Mærsk Line's E-class container ships such as the Emma Mærsk can save 4 metric kilotons of fuel oil on a Europe-Singapore voyage by slow steaming. At typical fuel prices of US$600-700 per tonne, this works out to a saving of US$2.4-2.8 million on a typical one-way voyage. Maersk's Triple E-class container ships were designed for slow steaming and have less powerful engines than their predecessors.

==Cost and benefits==
Lowering speed reduces fuel consumption because the force of drag imparted by a fluid increases quadratically with increase in speed. Thus traveling twice as fast requires four times as much energy and therefore fuel for a given distance. The power needed to overcome drag is the product of the force times speed and thus becomes the cube of the speed at high Reynolds numbers. This is why driving an automobile at 60 mph requires almost twice as much power as driving the same vehicle at 50 mph.

Although lowering speeds reduces the power requirements, the overall benefits of speed reduction may be limited by other factors, such as economically viable total voyage time, and the fact that a ship's engine and propeller are designed to operate within a certain RPM range. Steaming too slowly may place the engine and propeller outside their most efficient range, and will therefore begin to counteract the benefits. Also, there are time-dependent costs, such as crew wages and charter rates, that will increase if the voyage is longer. Although some ships are being put into service that are designed to steam most efficiently at slower speeds, the great cost of building a ship and need to remain competitive means that radical changes are unlikely until conditions merit such a risk. Ma Shuo, a professor of maritime economics and policy at World Maritime University (WMU) in Sweden, has undertaken research to assess the relationship between freight rates and optimal speed, confirming that as freight rates rise with market conditions, so does the economically optimal speed.

==Smart steaming==
The tradeoff between fuel cost savings against the increased costs of personnel, insurance and inventory due to the longer voyage duration is a significant logistical issue. Commercial vessels seek to adhere reliably to schedules; if a ship is planned to slow steam, it may normally speed up should it encounter en route delays (such as bad weather or deviation) so as to recover its original scheduled arrival time. The initiative to balance cost, duration, emissions and risk is supported by the EC-funded research project SYNCHRO-NET.

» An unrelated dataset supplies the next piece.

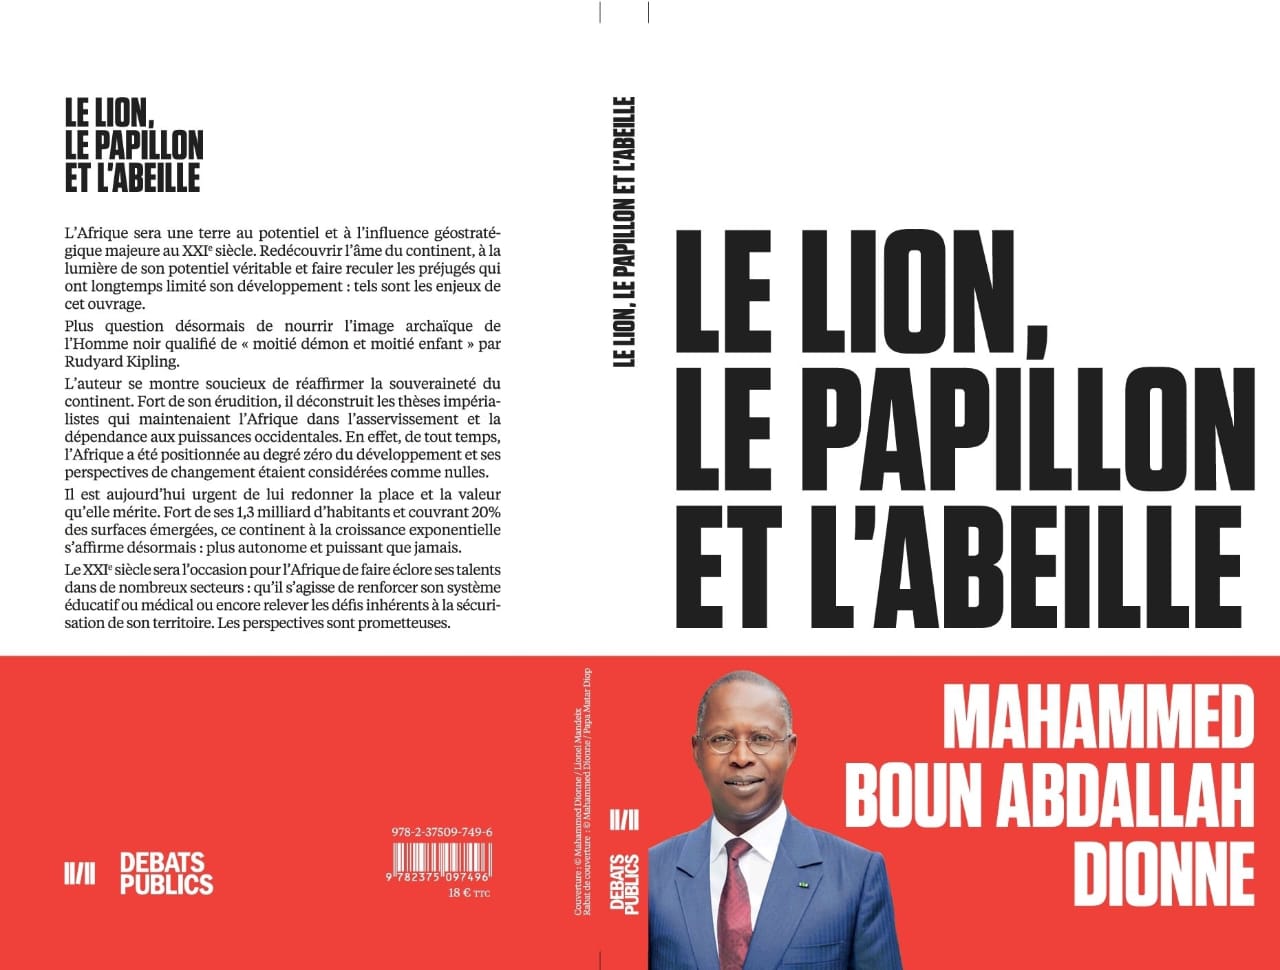 "Le Lion, le Papillon et l'Abeille : Le nouvel ouvrage de l'ancien Premier ministre Mahammed B. A. Dionne qui démonte les clichés sur l'Afrique et annonce des perspectives prometteuses.
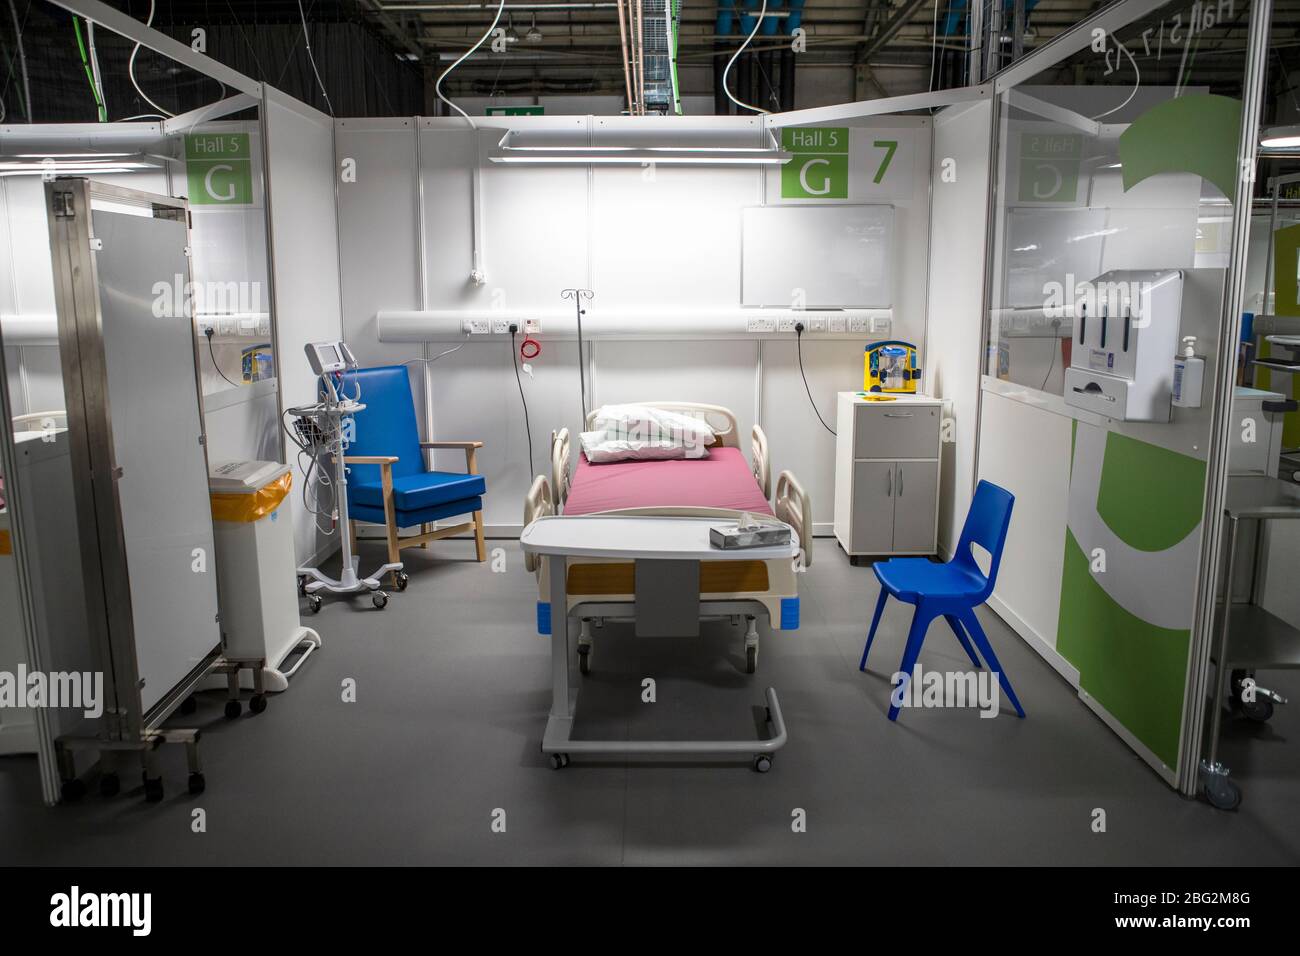 Baie patient après la construction de l'hôpital NHS Louisa Jordan, construit au SEC Center de Glasgow, pour prendre soin des patients coronavirus. Banque D'Images

Smart steaming is a strategy by which the vessel speed is dynamically optimised based on the real-time state of the sea, weather and the destination port - for example, if there is congestion at the port there is little point in rushing to get there at full speed simply to then wait for a berth for days. Instead the ship can go more slowly to conserve fuel and still berth at the same time.

The International Maritime Organization's GloMEEP project, aimed at supporting energy efficiency measures for shipping, has also studied this subject, and refers to just-in-time operation.

Smart steaming has the potential to deliver many benefits. For example the SYNCHRO-NET project has reported examples of up to 30% reduction in fuel usage for the ship, which, broadly speaking, means a similar reduction in cost and greenhouse gas emissions.

Technically and operationally, smart steaming presents several challenges. Ship control systems have to be more sophisticated, and multi-objective optimization techniques are needed which can respond to changing conditions (e.g. weather, sea state, port status). Improvements in ship/port communications are also needed, as well as new commercial and legal agreements between relevant stakeholders: ship operator, ship owner, port/terminal operator and the customer/freight forwarder whose goods are being carried by the ship.